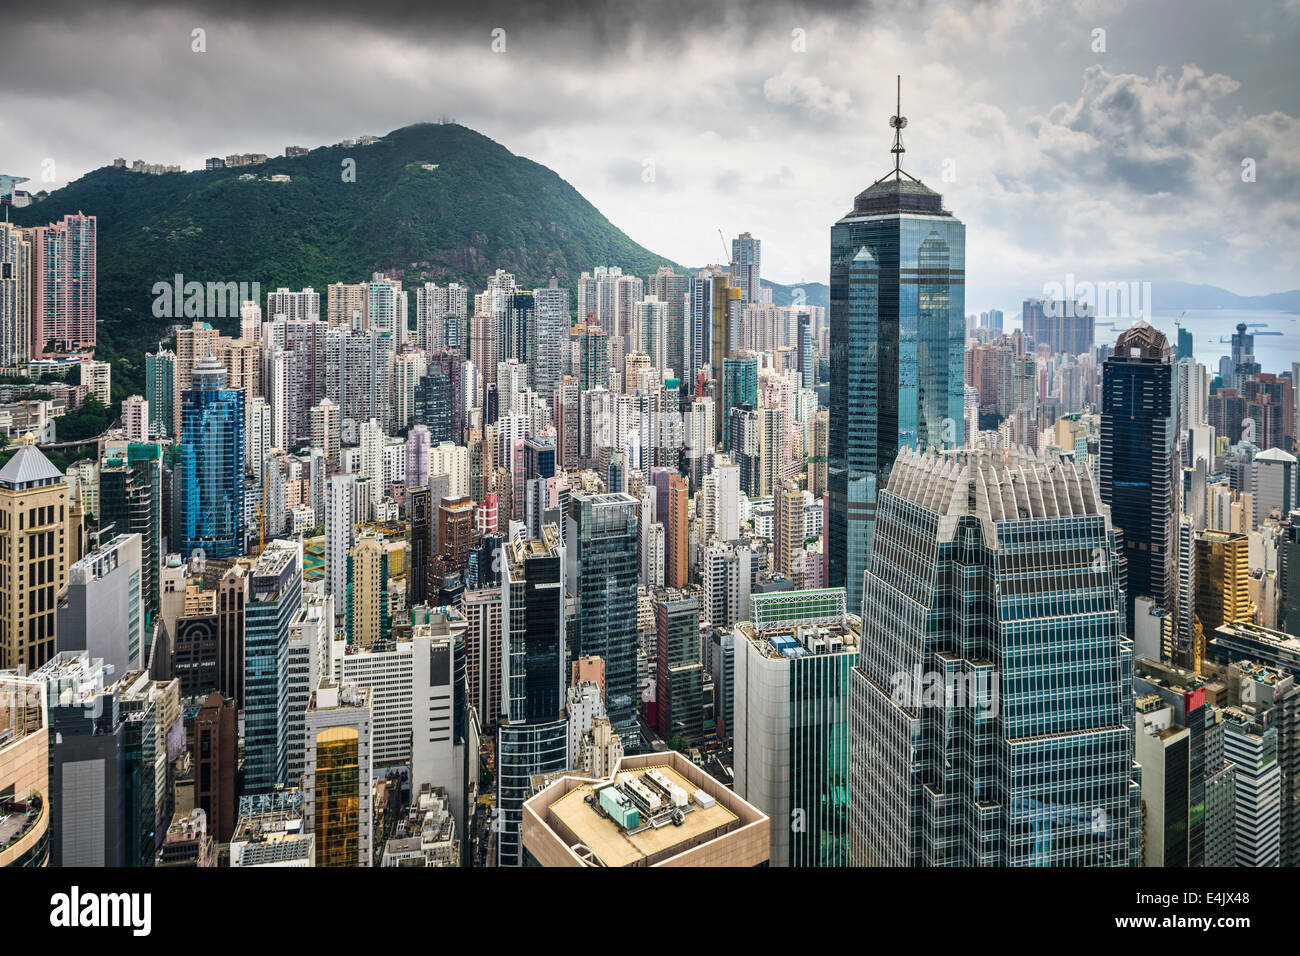 Hong Kong, China Luftaufnahme des Stadtbildes im Victoria Harbour. Stockbild
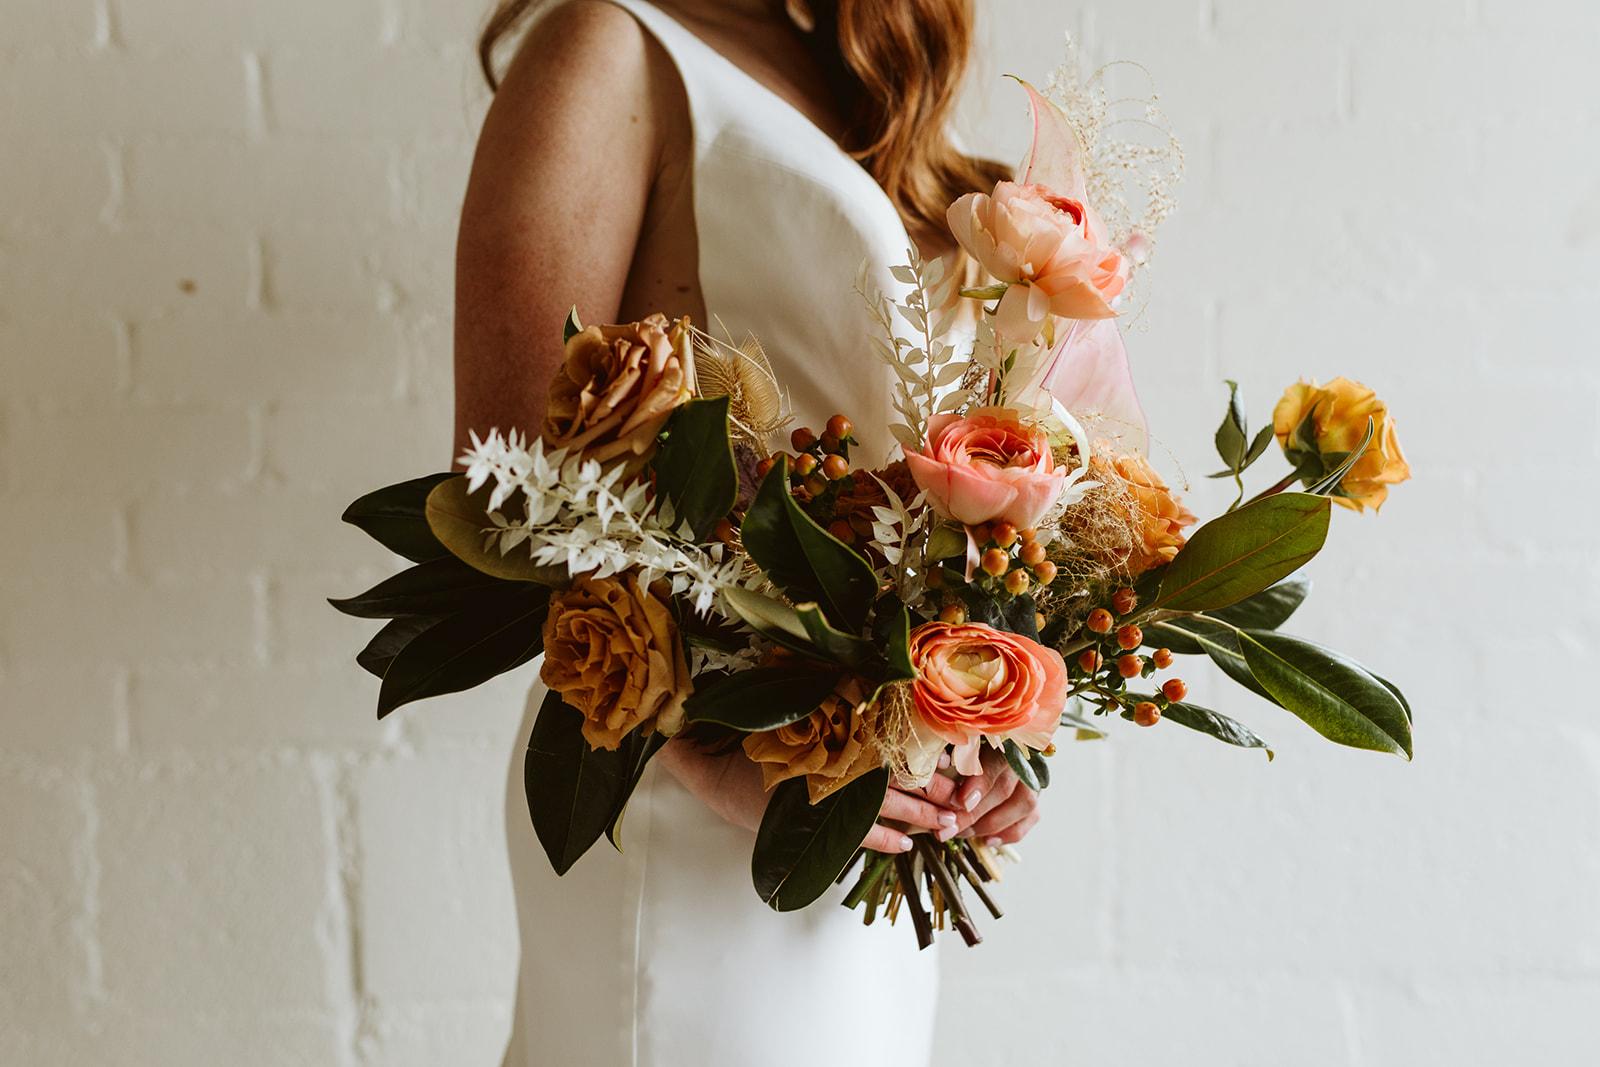 boho bouquet. boho bride. boho wedding. asymmetrical bouquet. wildflower bouquet. rose bouquet. airy modern wedding. bright wedding. natural wedding. peach wedding color. pink wedding color. peach flowers. blush wedding. eclectic wedding.
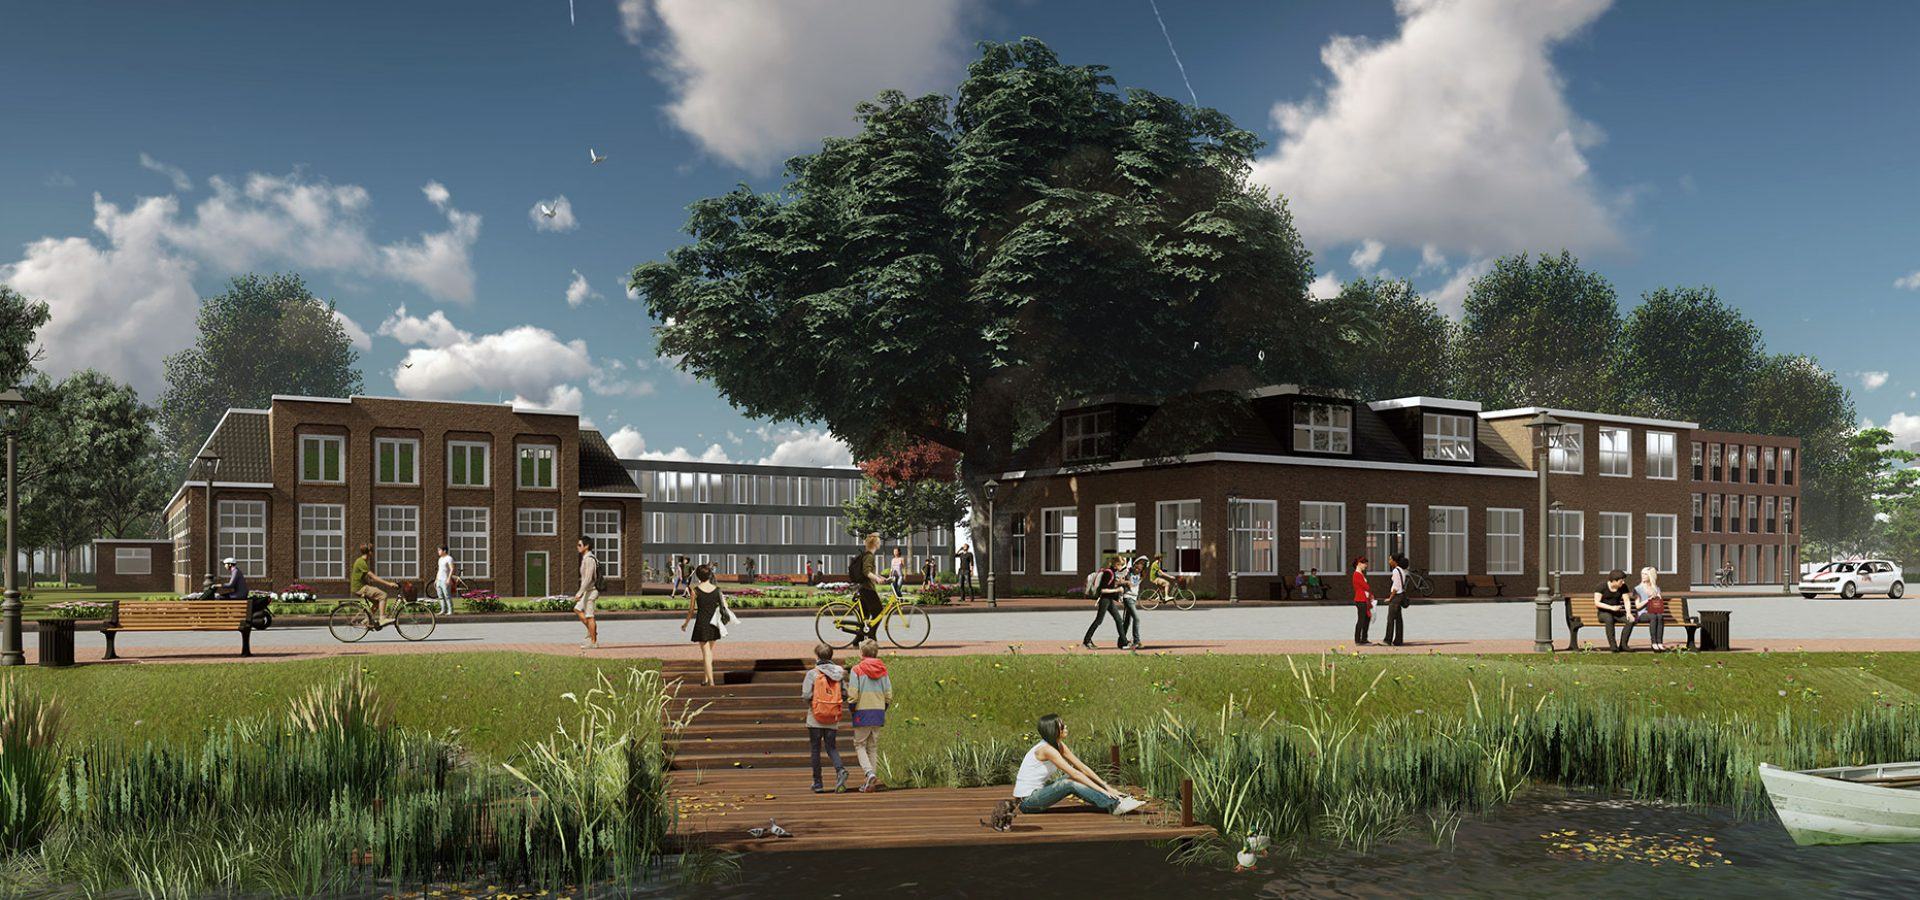 FARO architecten Reggesteyn aan de Regge Nijverdal 03
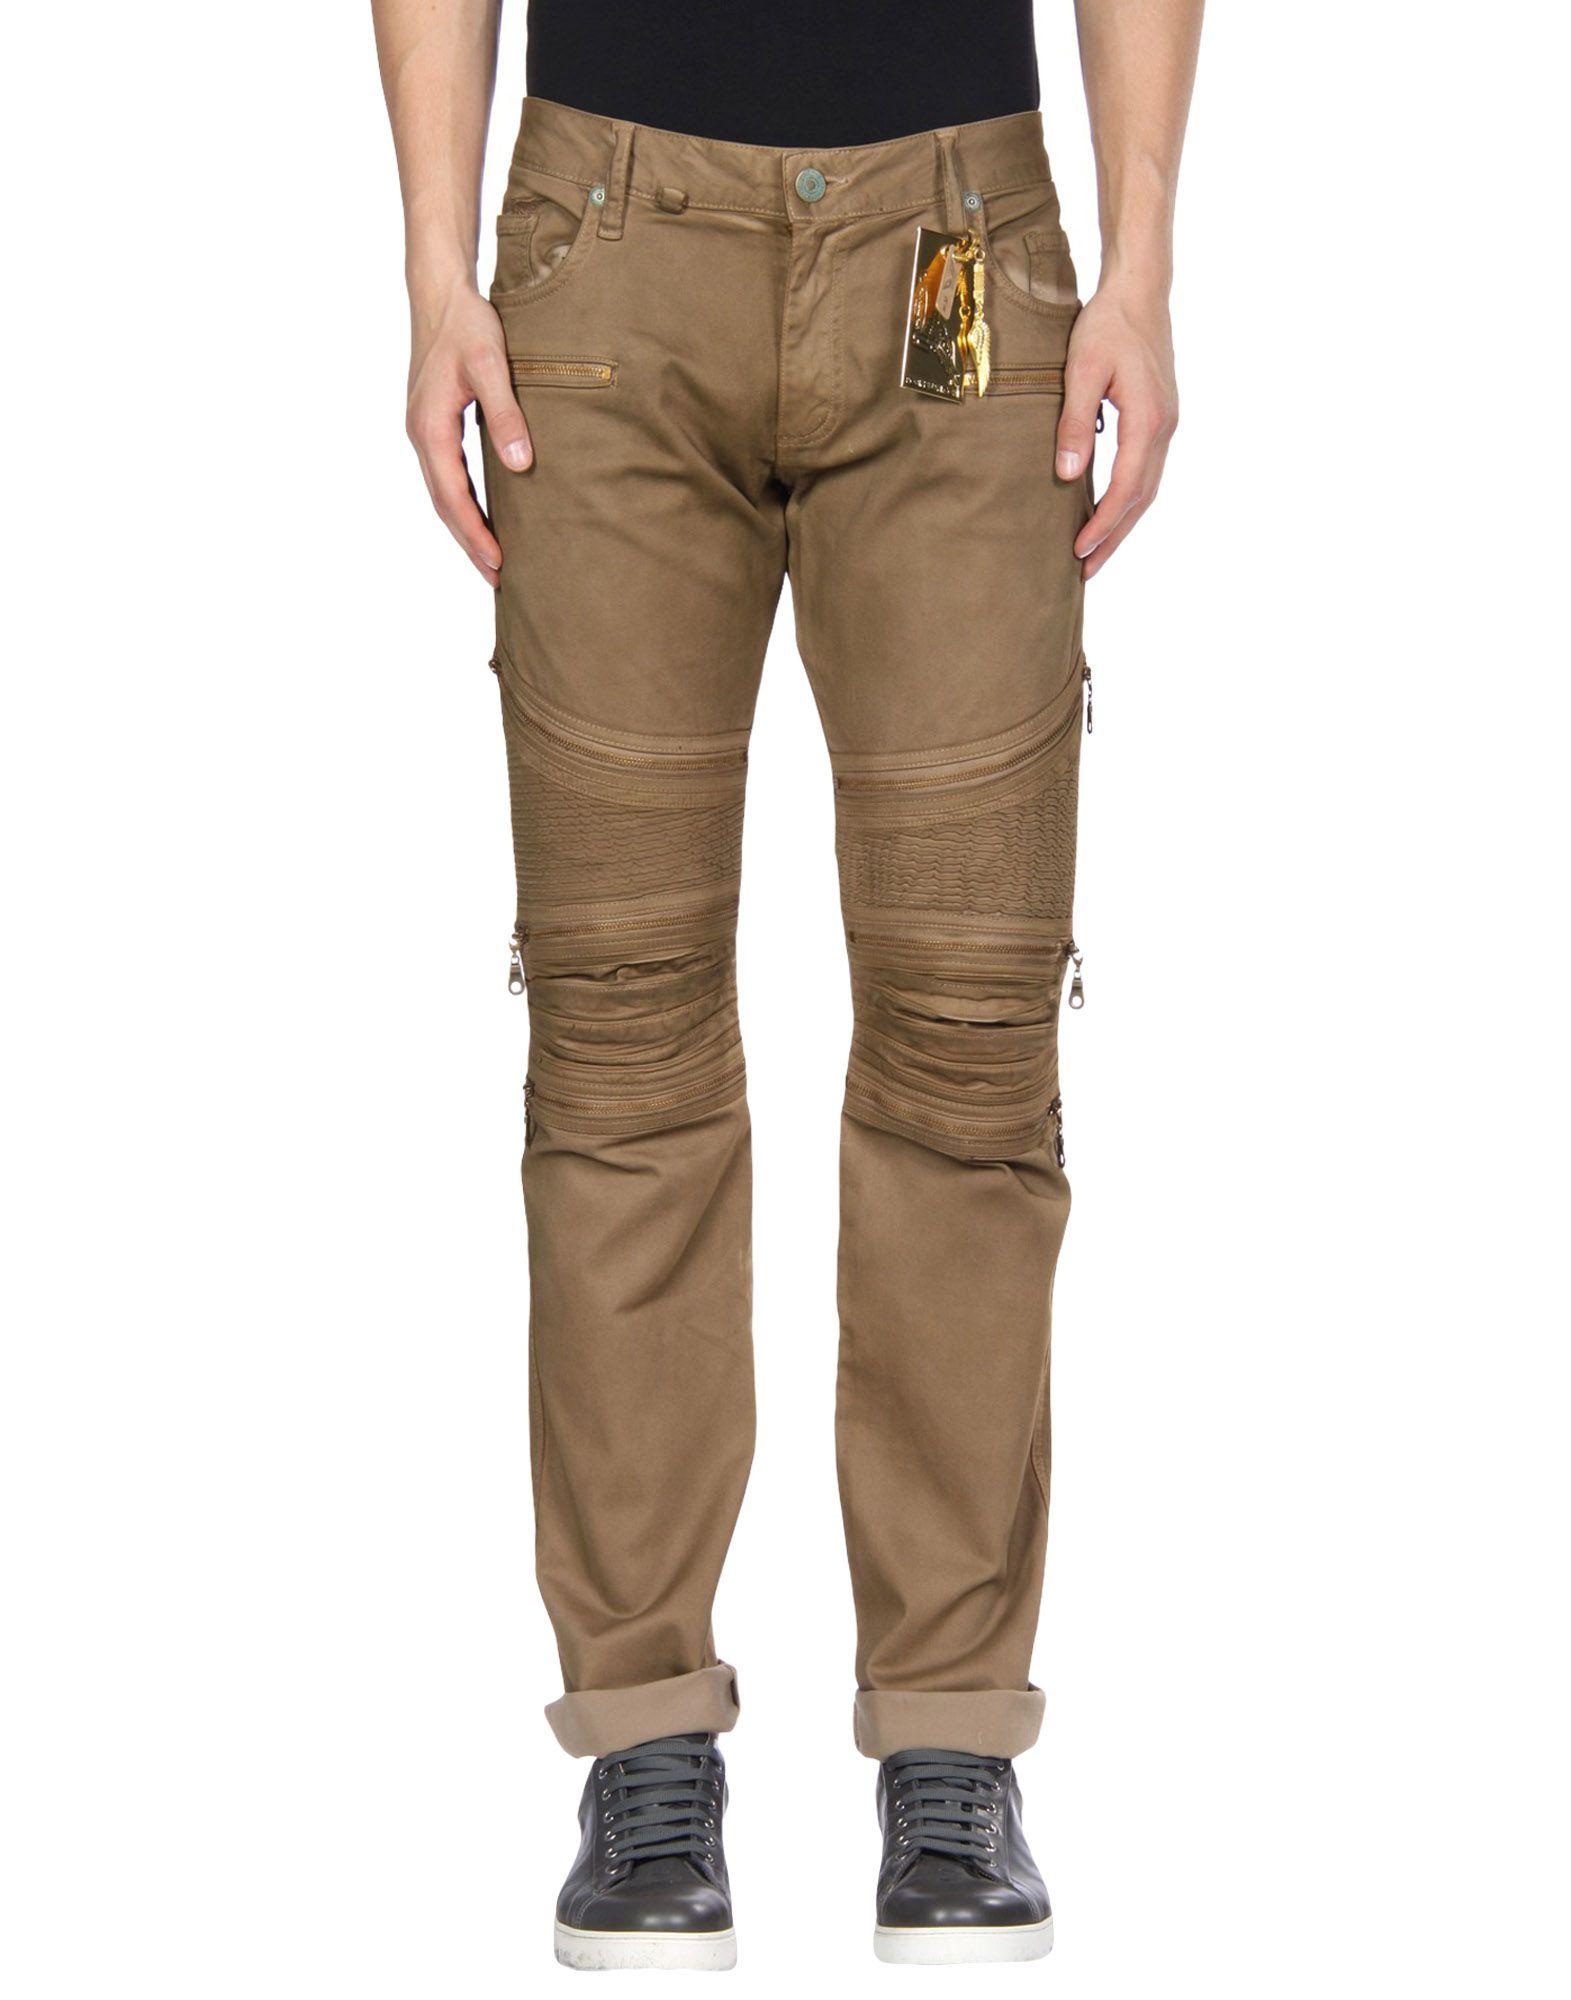 ROBIN'S JEAN Casual Pants in Khaki

*About this task*.
The required response consists solely of the lines from the line containing "boho bouquet. boho" through the end of the listing, both ends included, copied exactly without pictures.

*Answer to the problem*.
 boho bouquet. boho bride. boho wedding. asymmetrical bouquet. wildflower bouquet. rose bouquet. airy modern wedding. bright wedding. natural wedding. peach wedding color. pink wedding color. peach flowers. blush wedding. eclectic wedding.
 FARO architecten Reggesteyn aan de Regge Nijverdal 03
 ROBIN'S JEAN Casual Pants in Khaki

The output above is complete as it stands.